Offering Documents Available By Request
Starboard Realty Advisors is an Irvine fully integrated firm, founded in 2014 and led by a CEO with prior Passco pedigree, acquiring multifamily and multi-tenant/NNN retail for 1031 clients, with more than $500 million in acquisitions and over 1,900 units. Its differentiation includes a DST Bridge Fund that supplies preferred equity, an ADU-driven multifamily value-add angle, and a disciplined 7-to-10-year stabilized hold model. The leadership lineage and integrated execution position it as a focused mid-market sponsor.
This page describes a specific Delaware Statutory Trust offering (Starboard Makley DST) and is provided for informational purposes only. It does not constitute an offer to sell or a solicitation of an offer to buy any security. Any offering is made solely to verified accredited investors and only by means of a confidential private placement memorandum (PPM).
All figures shown — including minimum investment, cash-flow projections, tax-equivalent yield, loan-to-value, and hold period — reflect the sponsor's current estimates and assumptions and are not guarantees of future performance. Tax-equivalent yield depends on each investor's tax circumstances; projected distributions may not be achieved and actual results will vary. Sponsor track record, benchmark data, and full-cycle averages describe prior programs and are not indicative of the results of this offering.
An investment in a DST is speculative, illiquid, and involves a high degree of risk, including the possible loss of the entire amount invested. There is no public market for these interests, distributions are not guaranteed, and investors have no control over property operations. 1031 exchange and tax treatment depend on each investor's individual circumstances and on tax laws that are subject to change; consult your own tax and legal advisors.

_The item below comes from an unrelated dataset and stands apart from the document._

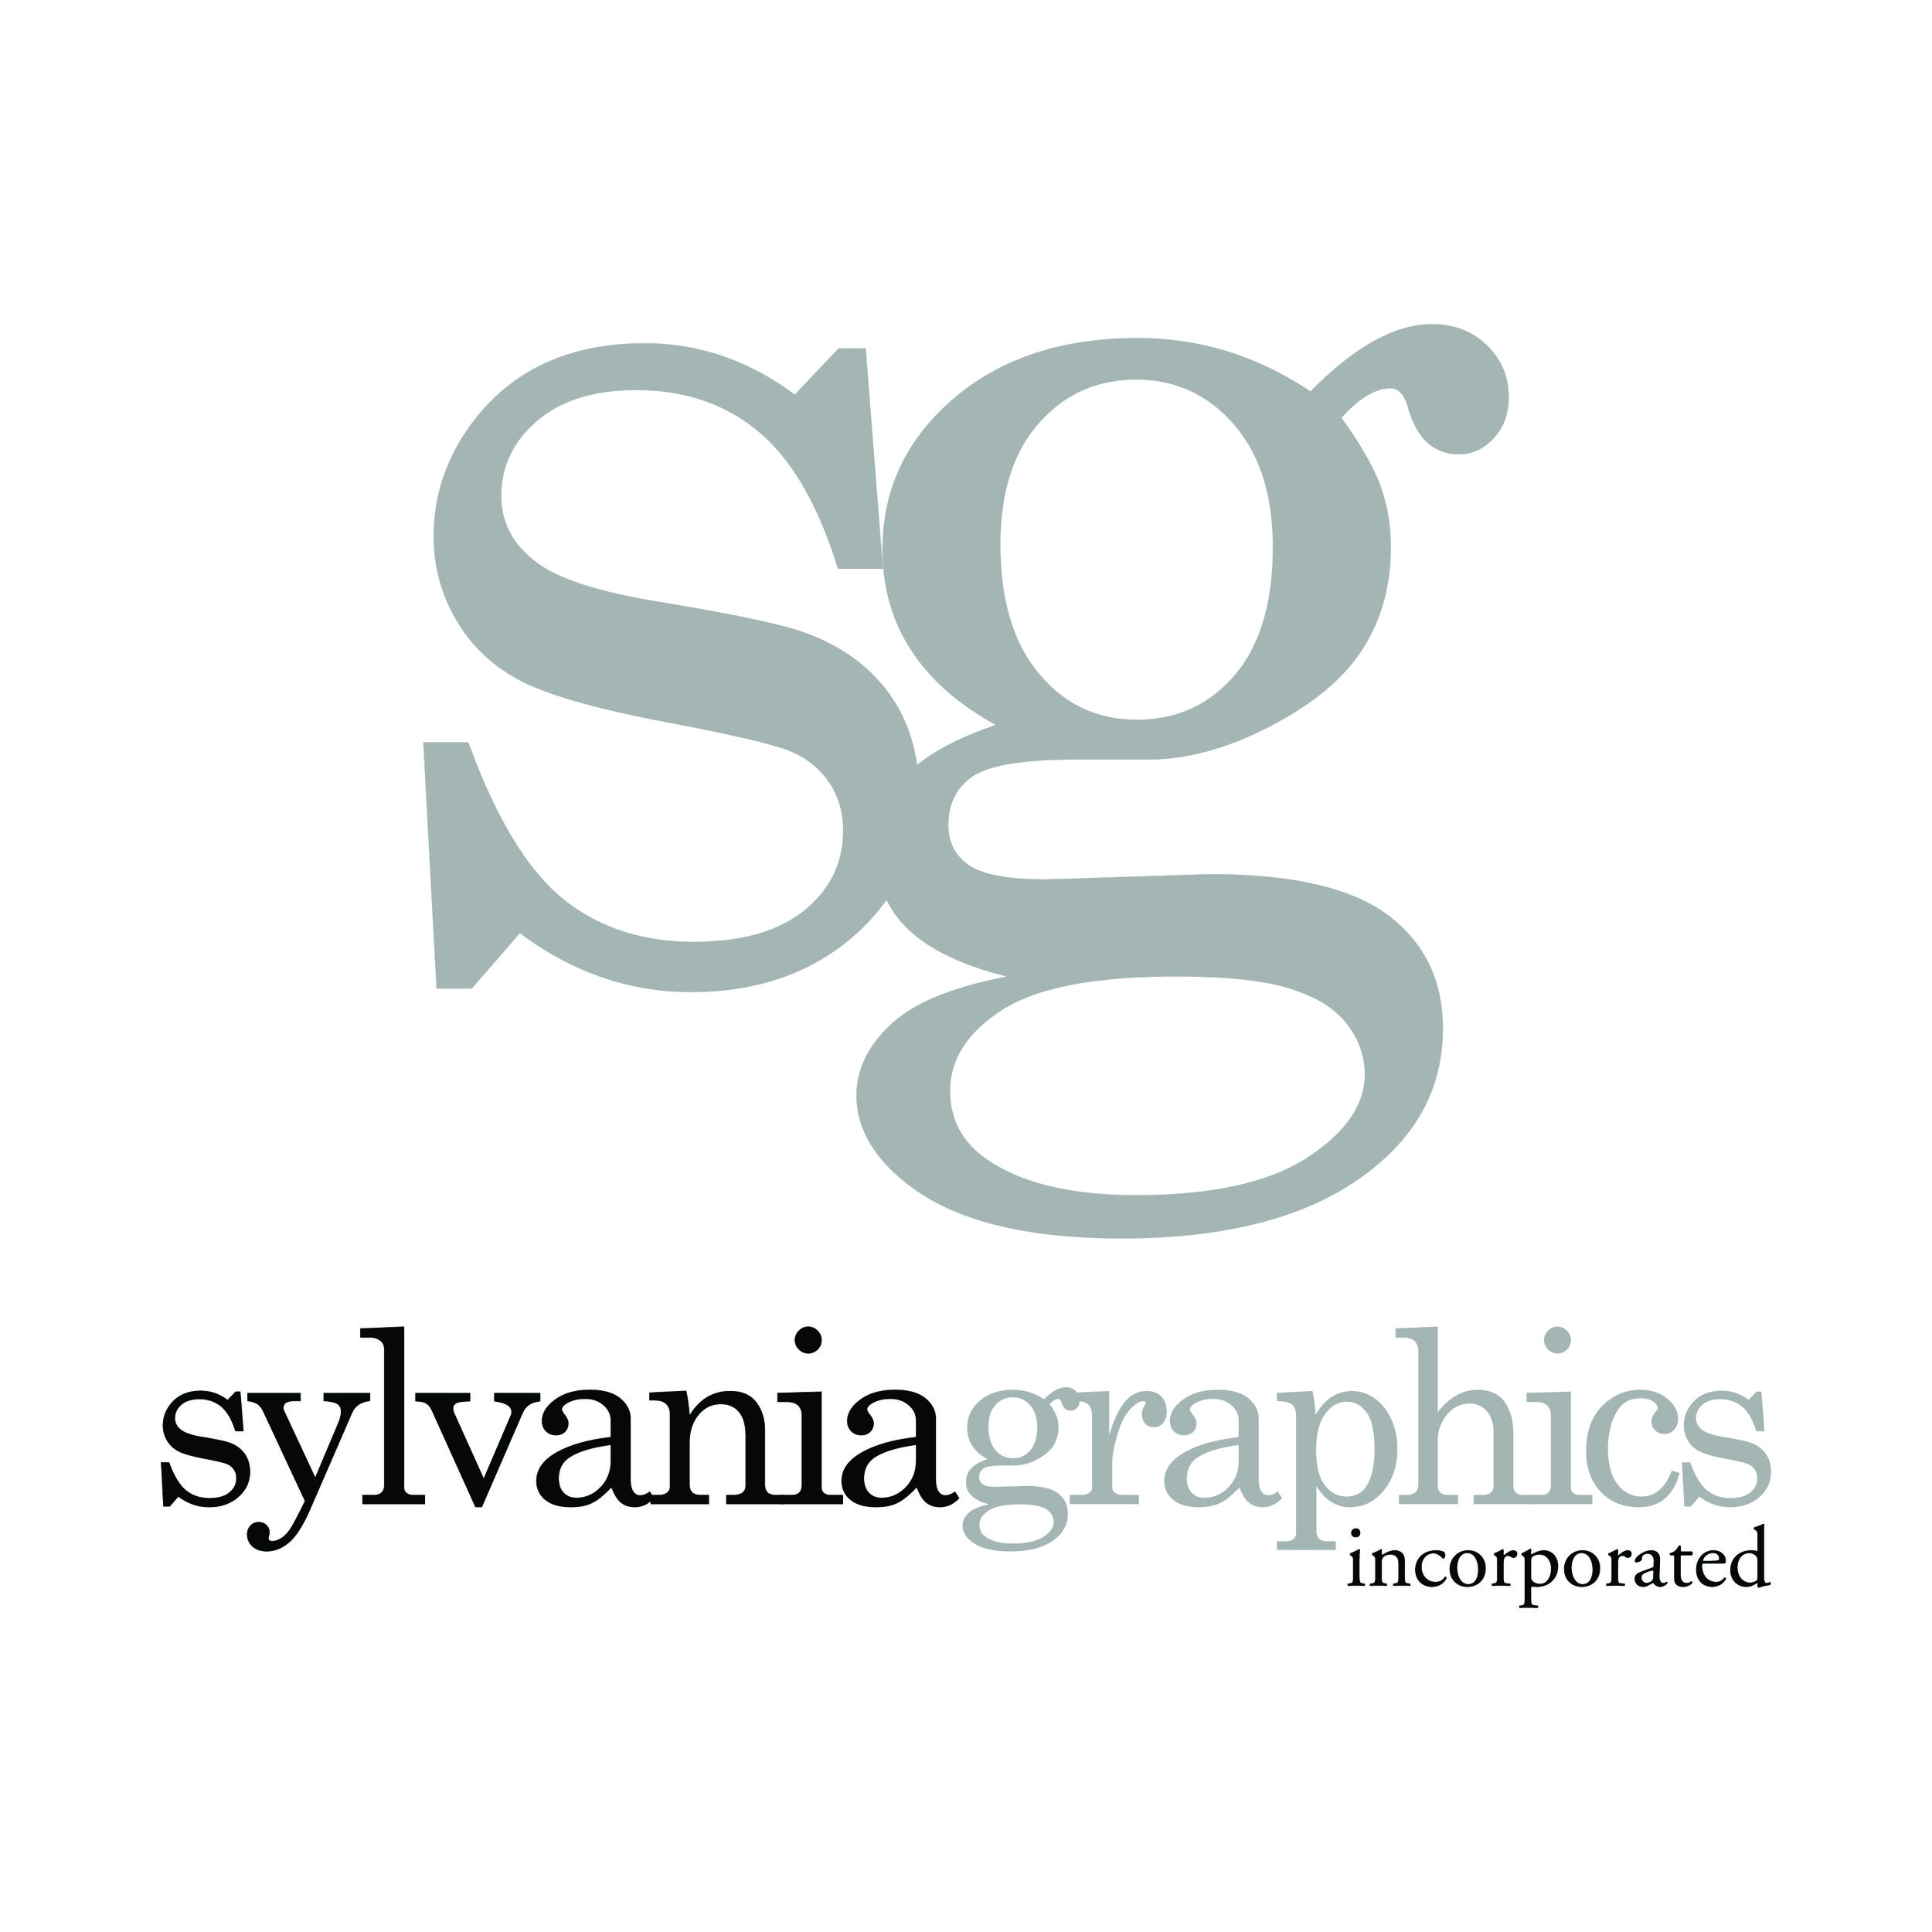 Sylvania Graphics Incorporated

Tax-equivalent yield represents the pre-tax yield a fully taxable investment would need to generate in order to match the after-tax cash flow of this offering. It assumes that a portion of distributions is sheltered by depreciation and other deductions, and it depends entirely on each investor's individual tax bracket, state of residence, and holding structure. It is illustrative only and is not a projection of return. Cap rate equivalent is the implied capitalization rate (net operating income divided by purchase price) shown solely for comparison to direct real estate; it is not a distribution rate, a yield, or a measure of investor return.
This offering and all terms shown are subject to change, withdrawal, or cancellation at any time without notice, and availability is not guaranteed. Nothing on this page creates a commitment or reservation. An investment is confirmed only upon the sponsor's acceptance of fully executed subscription documents; no other communication, indication of interest, or reservation constitutes a binding investment.